Do you struggle with self-acceptance?  Acceptance of your body?
Do you think that your views and thoughts about yourself have been affected by your mother or the media?

What is beauty to you?
Who or what has most defined for you how you view beauty? 
Do you still want to embrace this definition?  Or do you want to create your own?

Do you find that your happiness is connected to your appearance?

What do you love about yourself?

What do you love best about your body?
Do you believe that you are beautiful? Why or why not?



The Looking Glass

Just some food for thought that I offer up today…

Excerpt from Sacred Circles: A Guide to Creating Your Own Women’s Spirituality Group

“There could hardly be a hotter topic for a group of women then beauty. most of us are obsessed with how we look and how far we deviate from how we think we would like to look. Addicted to perfection, we have become merciless self-critics. We have heard a million times the old adage that “beauty is only skin deep,” but we have never really internalized it.
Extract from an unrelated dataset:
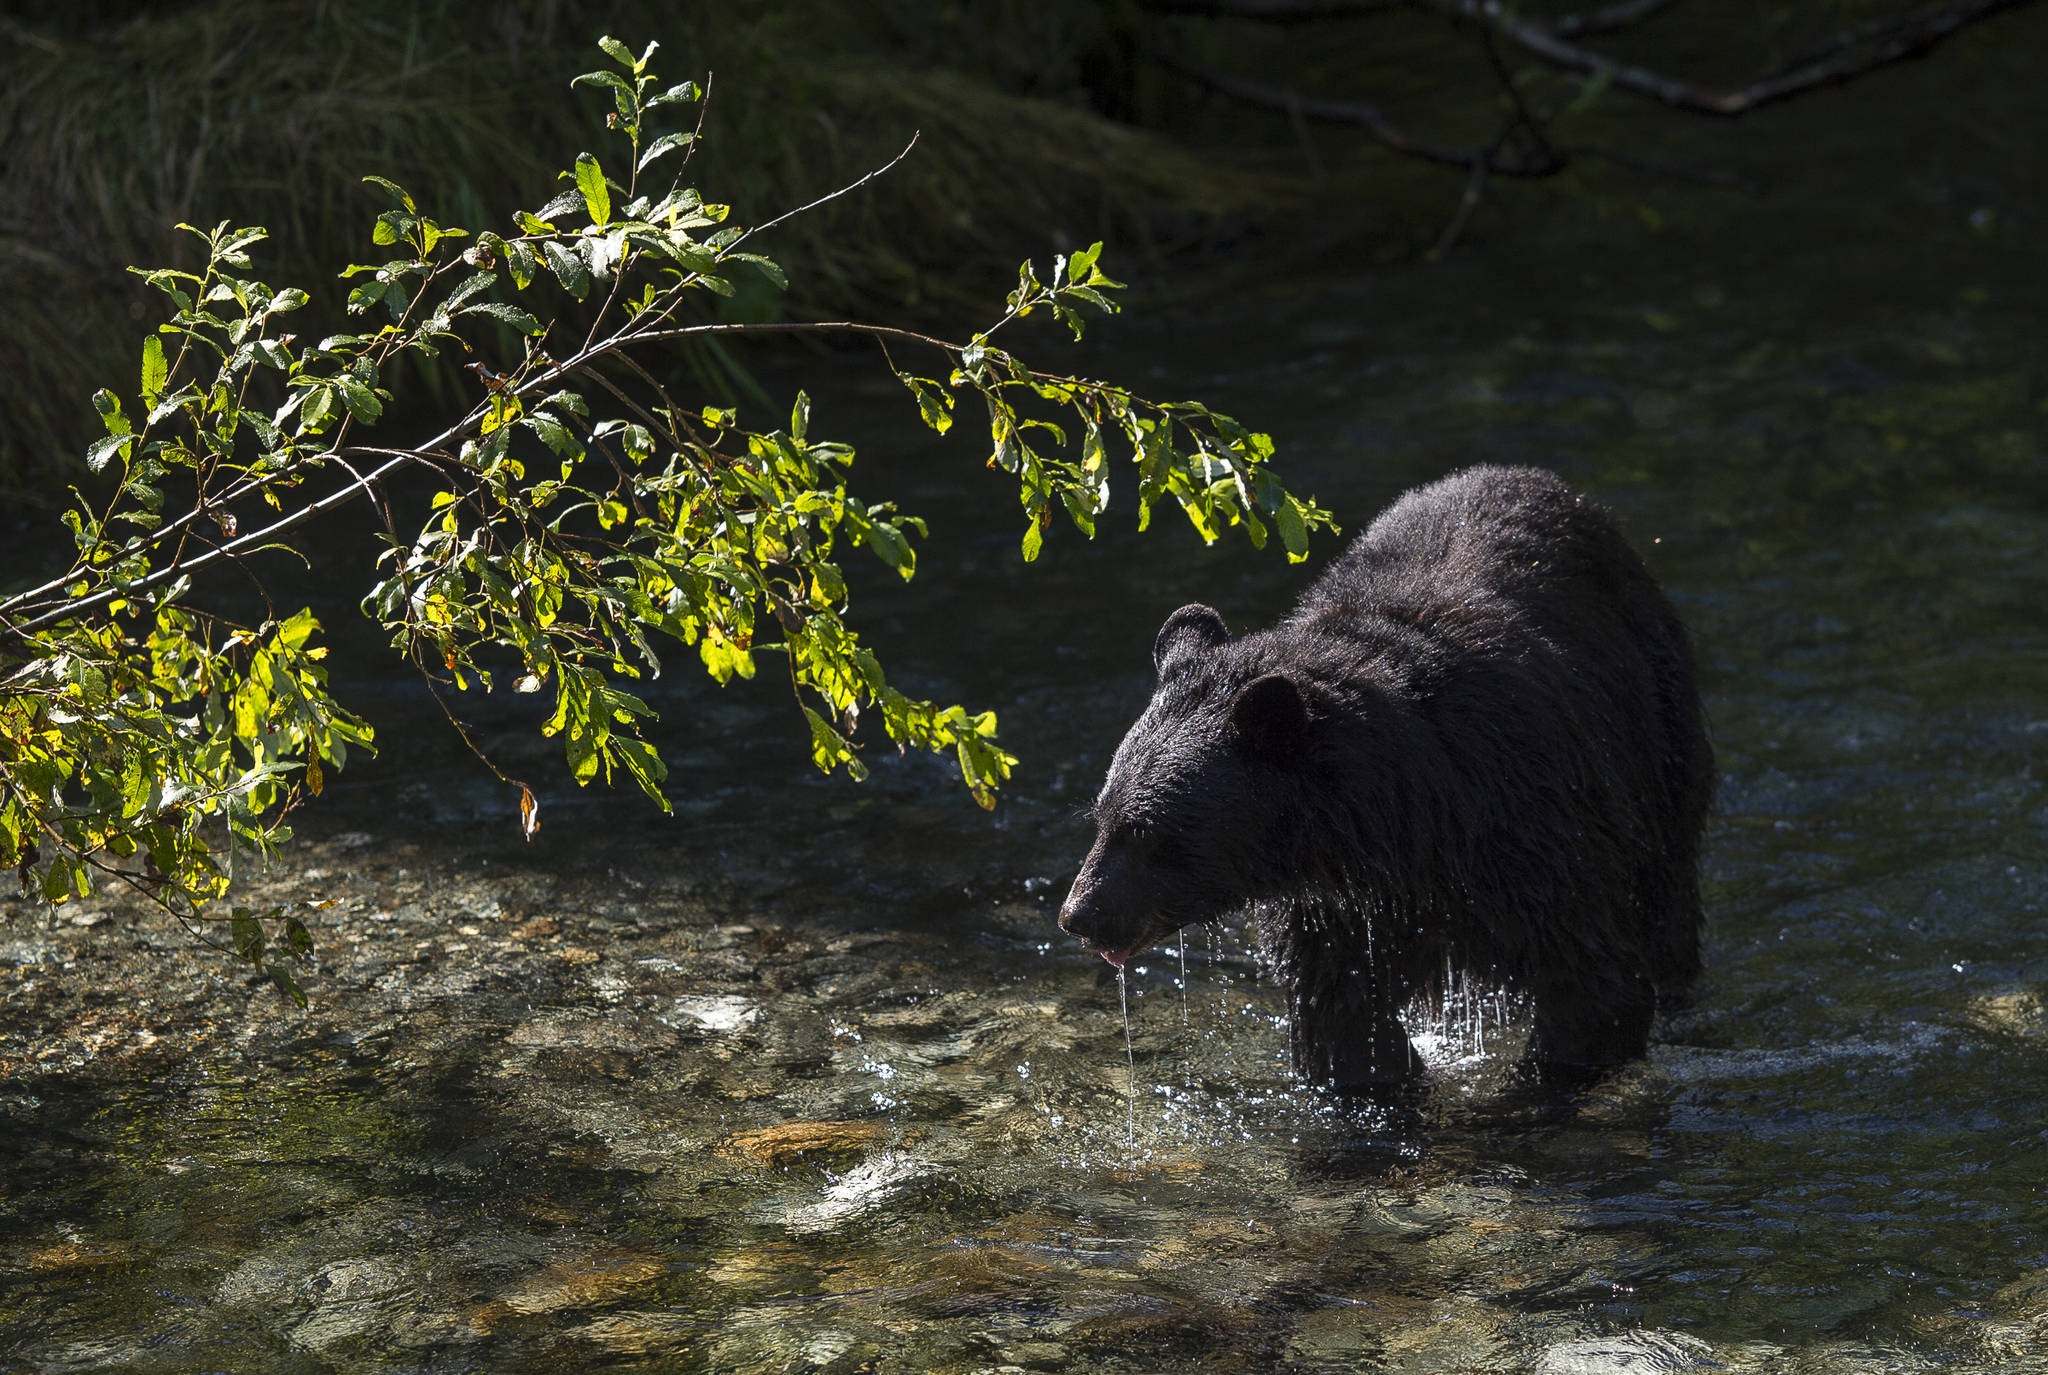 A black bear drips water after an unsuccessful chase of sockeye salmon in Steep Creek at the Mendenhall Glacier Visitor Center in September 2018. (Michael Penn | Juneau Empire File)

Instead, we believe that our self-worth is directly correlated to our waist size or the amount of cellulite in our saddlebags. What other adages and myths concerning beauty are we under the spell of?
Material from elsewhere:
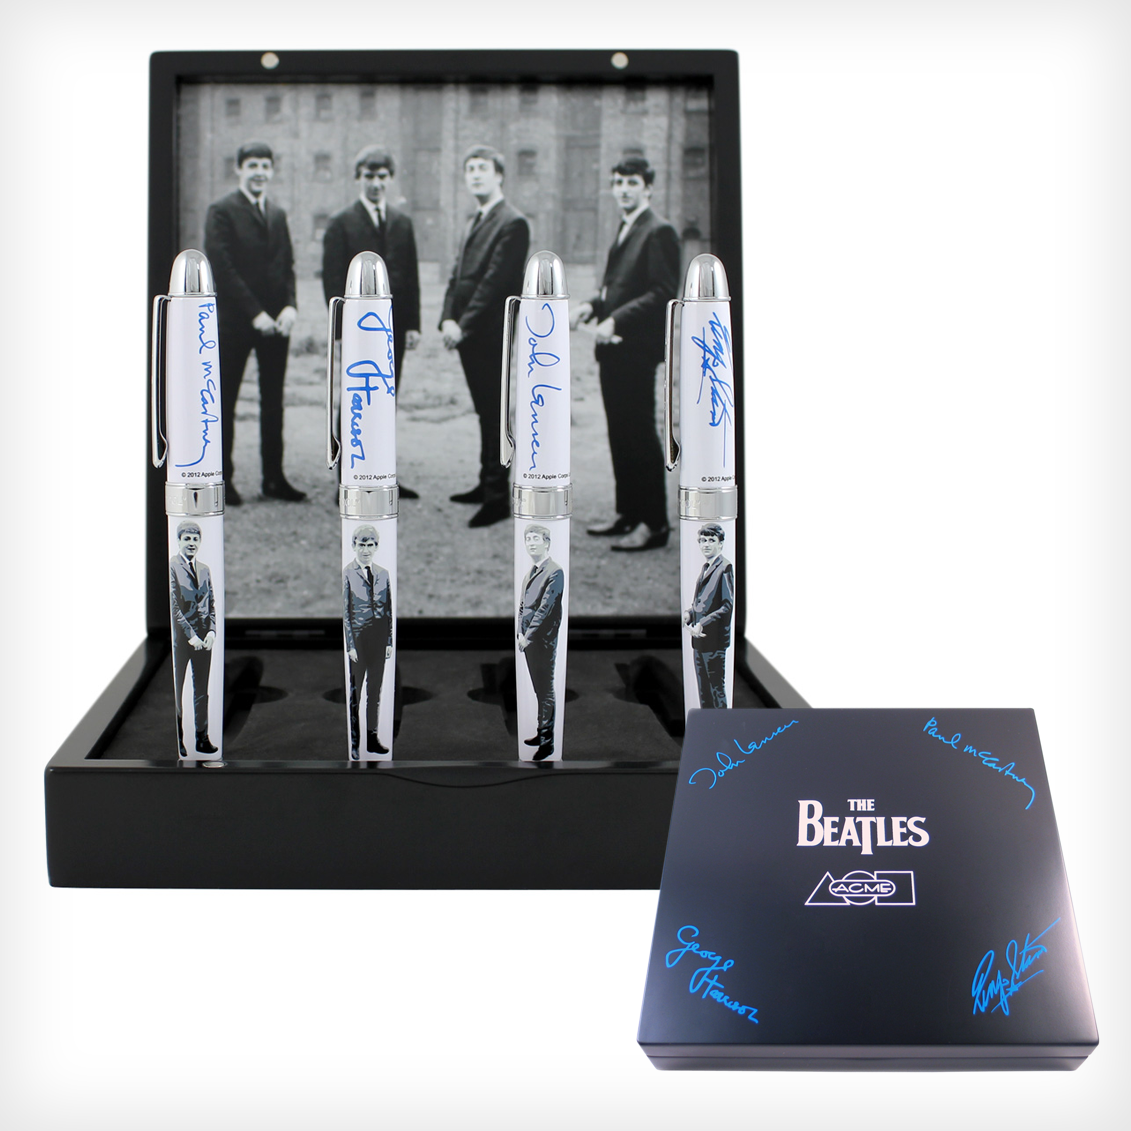 "Liverpool" Pen Set Packaging - The Beatles Collection

It can be very liberating to hear other women share their obsessions, thoughts, and feelings about beauty. We begin to hear ourselves in others—others we know to be perfectly beautiful. only then do we see a glimmer of the absurdity of our self-delusions. Bettie is our bonafide college beauty queen—Hopskinsville, Kentucky, 1952. To hear this still gorgeous sixty-plus-year-old woman describe her negative feelings about her body is to see the real insanity of the obsession. Listening to her discuss this un-winnable dilemma of never-thin-enough, never-young-enough, never-(place your favorite self-recrimination here)-enough makes us all want to wriggle free of our old skins—too tight now, too made up, too coiffed—and enjoy the gift of who we really are. Truly, there is no ugliness in a circle of happy women, especially when lit by candles!”
Do you think you can wriggle free of your un-winnable obsessions? Wouldn’t it be empowering and liberating to just enjoy ourselves how we are right now? Why can’t we? What is really standing in our way?